In an arithmetic sequence, the first term is 100 and the sixth term is 85. Find the common difference. Then, find the 50th term of the sequence.
Do I use the formula an=a1+(n-1)d?
If so, what would my "n" by in the equation?
The nth term of an arithmetic progression is defined by N = a + (n-1)d where N = the nth term, a = the first term and d = the common difference.
Therefore,
85 = 100 + (6 - 1)d
-15 = 5d making d = -3
The 50th term then becomes
N(50) = 85 + (50 - 1)(-3) = ?
ah what!!!!!!!!!!!!!!!!!!!
Yes, you can use the formula an = a1 + (n-1)d to find the nth term in an arithmetic sequence, where a1 is the first term, d is the common difference, and n is the term number you want to find.

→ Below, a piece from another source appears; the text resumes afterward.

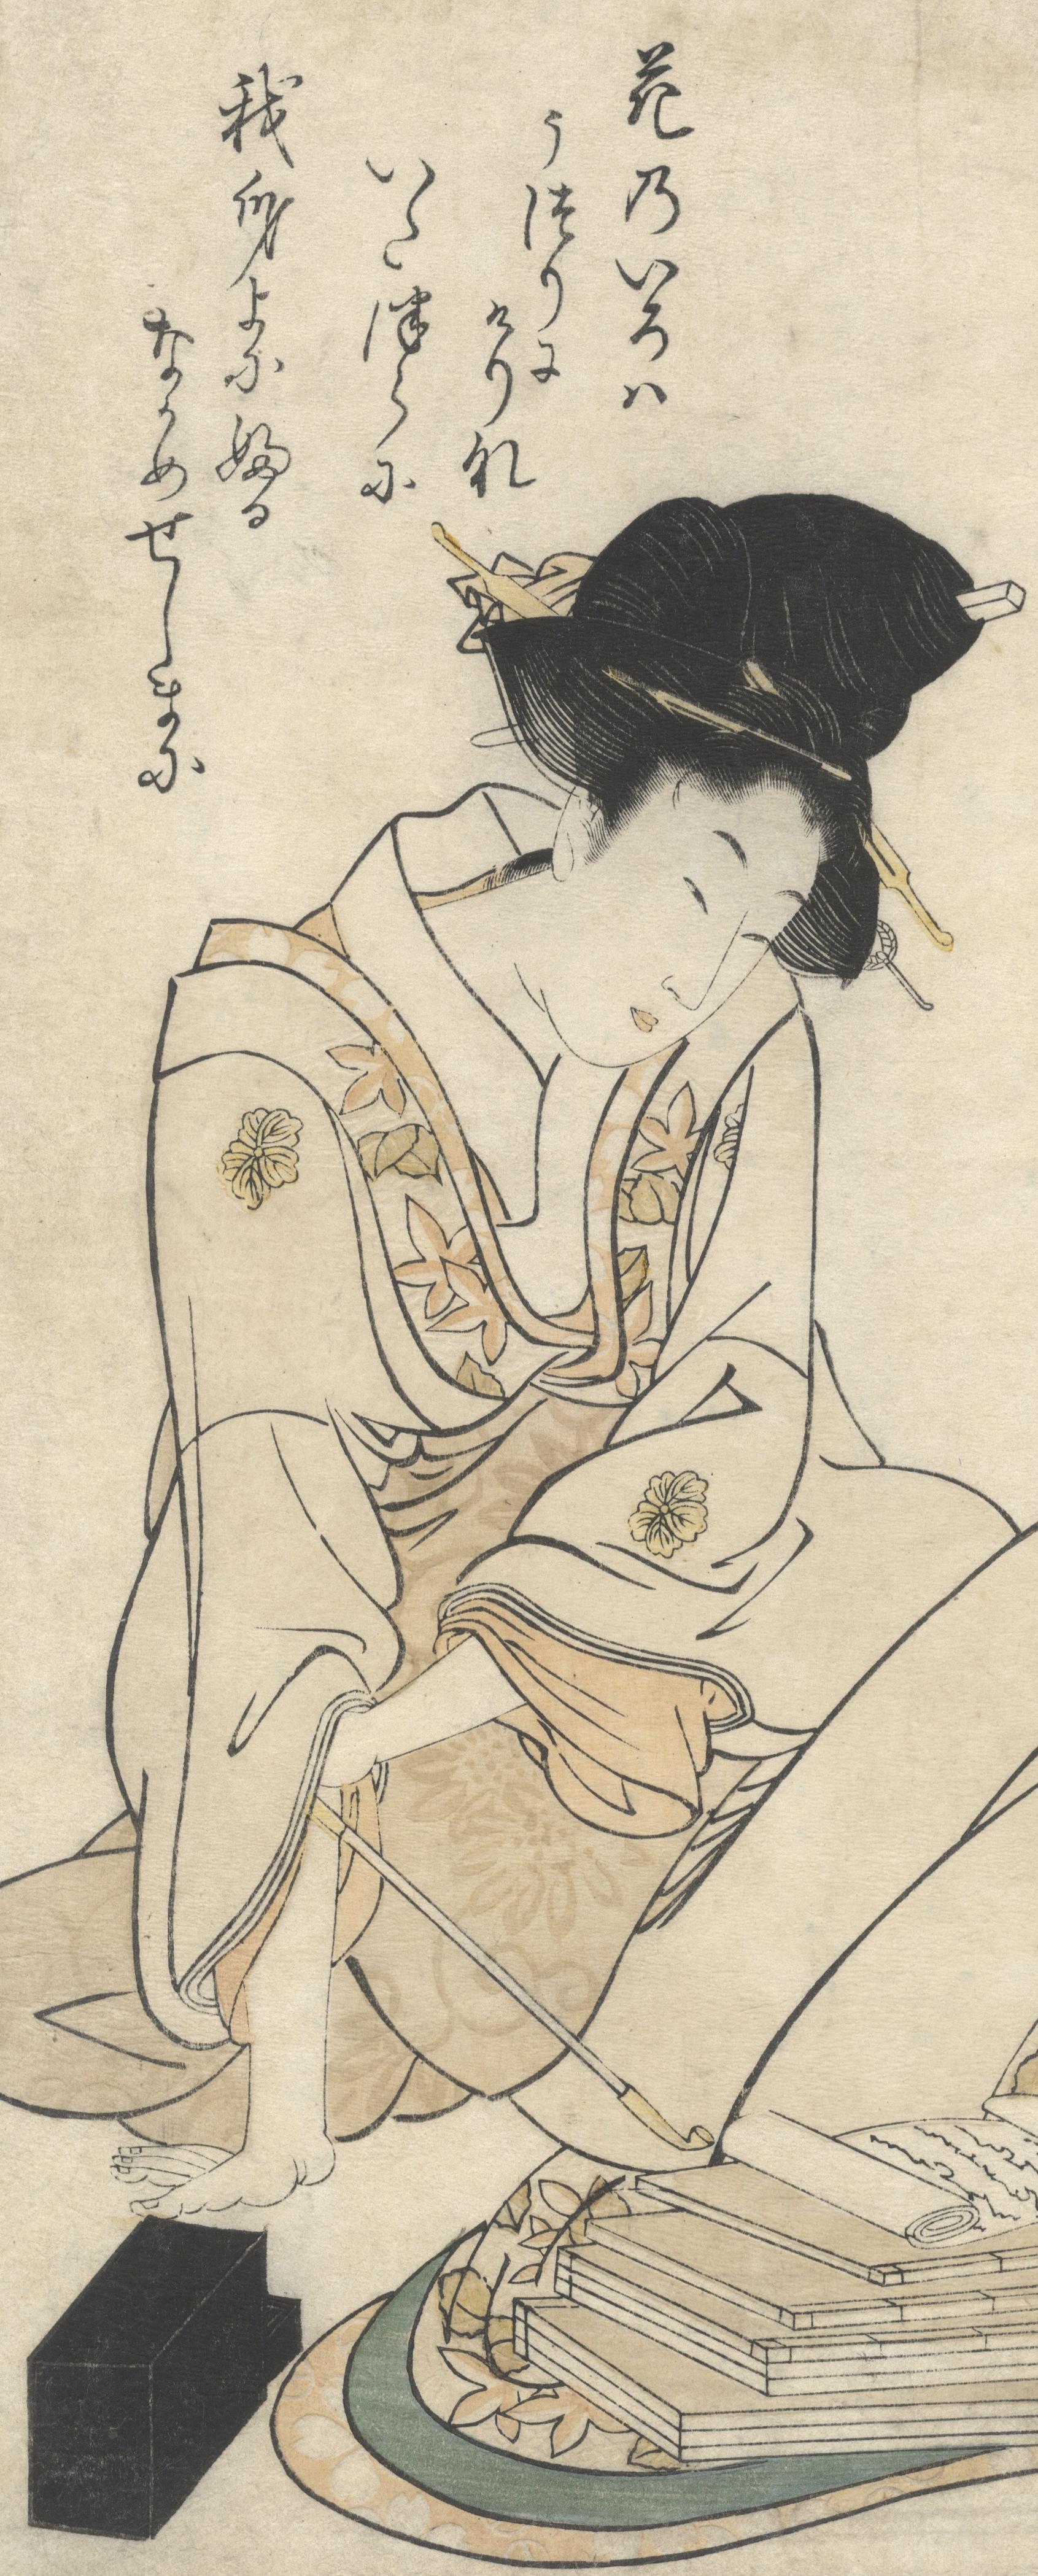 1800s japanese art

In this case, you are given the first term (a1 = 100) and the sixth term (a6 = 85). You want to find the common difference (d) and the 50th term (a50).

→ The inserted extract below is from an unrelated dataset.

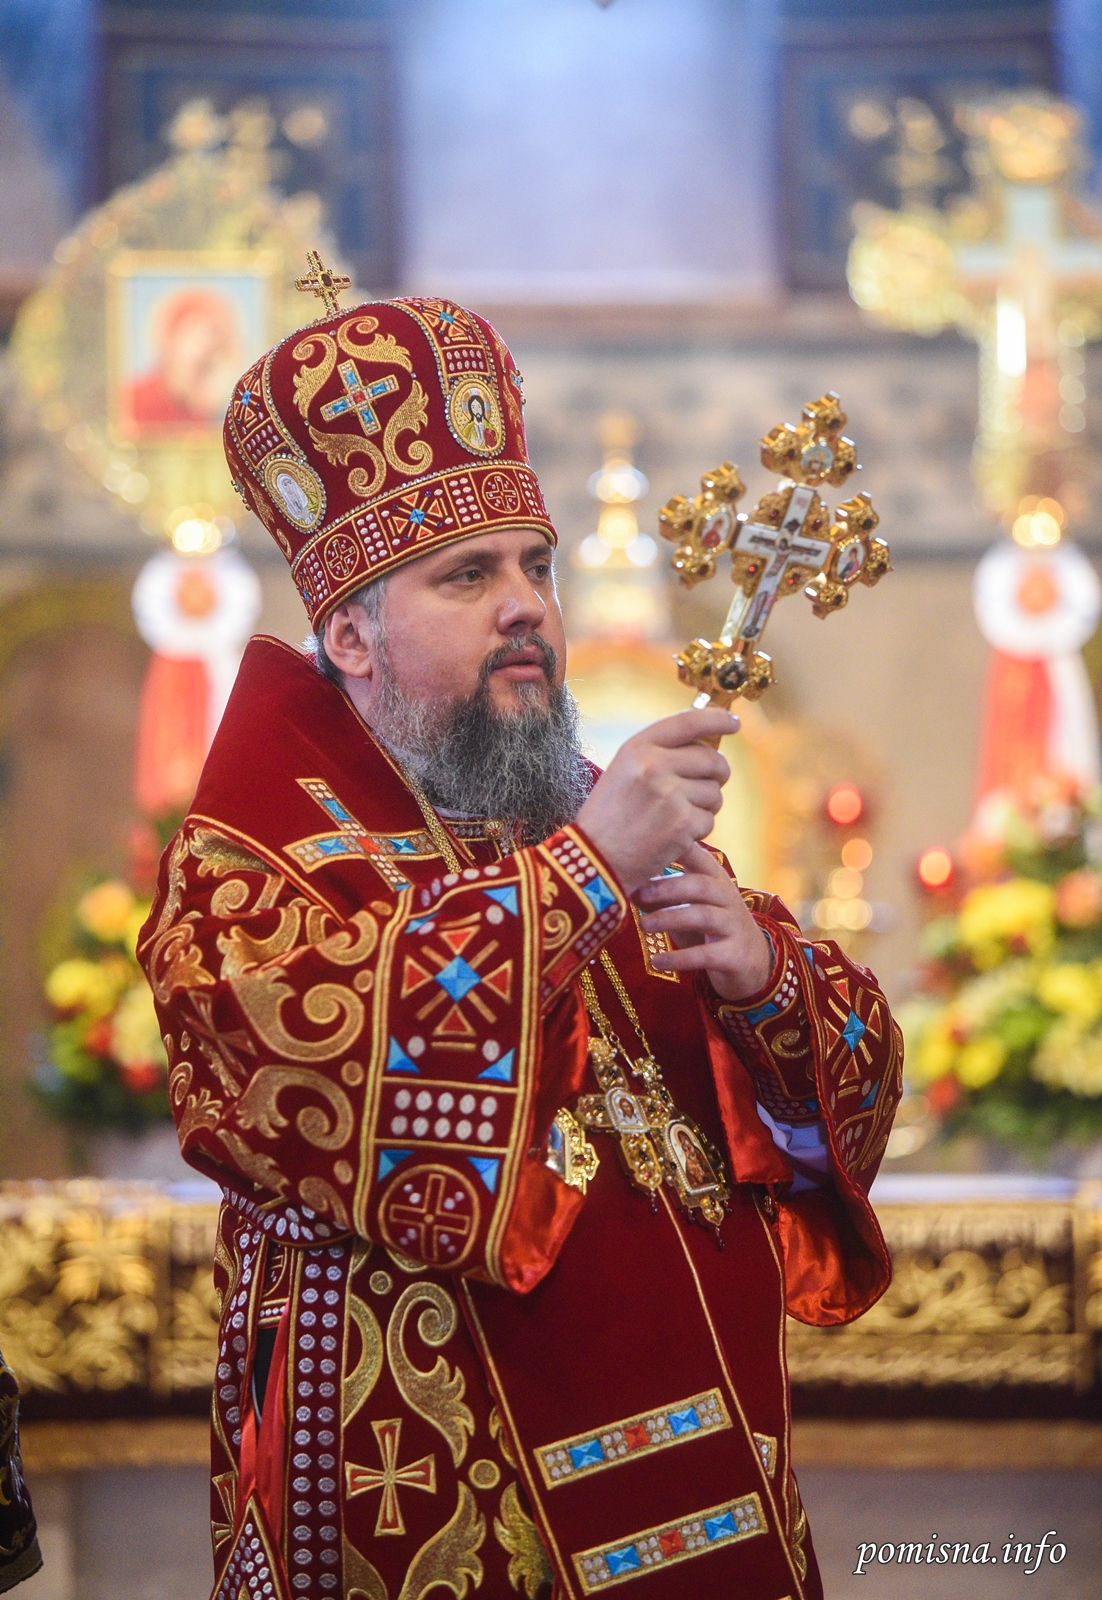 В Сети отметили идентичность облачений патриарха Кирилла и Думенко фото 2

To find the common difference (d), you can use the formula:
a6 = a1 + (6-1)d
Plugging in the given values:
85 = 100 + 5d
Now, you can solve for d:
85 - 100 = 5d
-15 = 5d
d = -15/5
d = -3
So, the common difference is -3.
To find the 50th term (a50), you can use the same formula, but this time the term number is 50:
a50 = a1 + (50-1)d
Substituting the values:
a50 = 100 + (50-1)(-3)
Simplifying the expression:
a50 = 100 + 49(-3)
a50 = 100 - 147
a50 = -47
Therefore, the 50th term of the sequence is -47.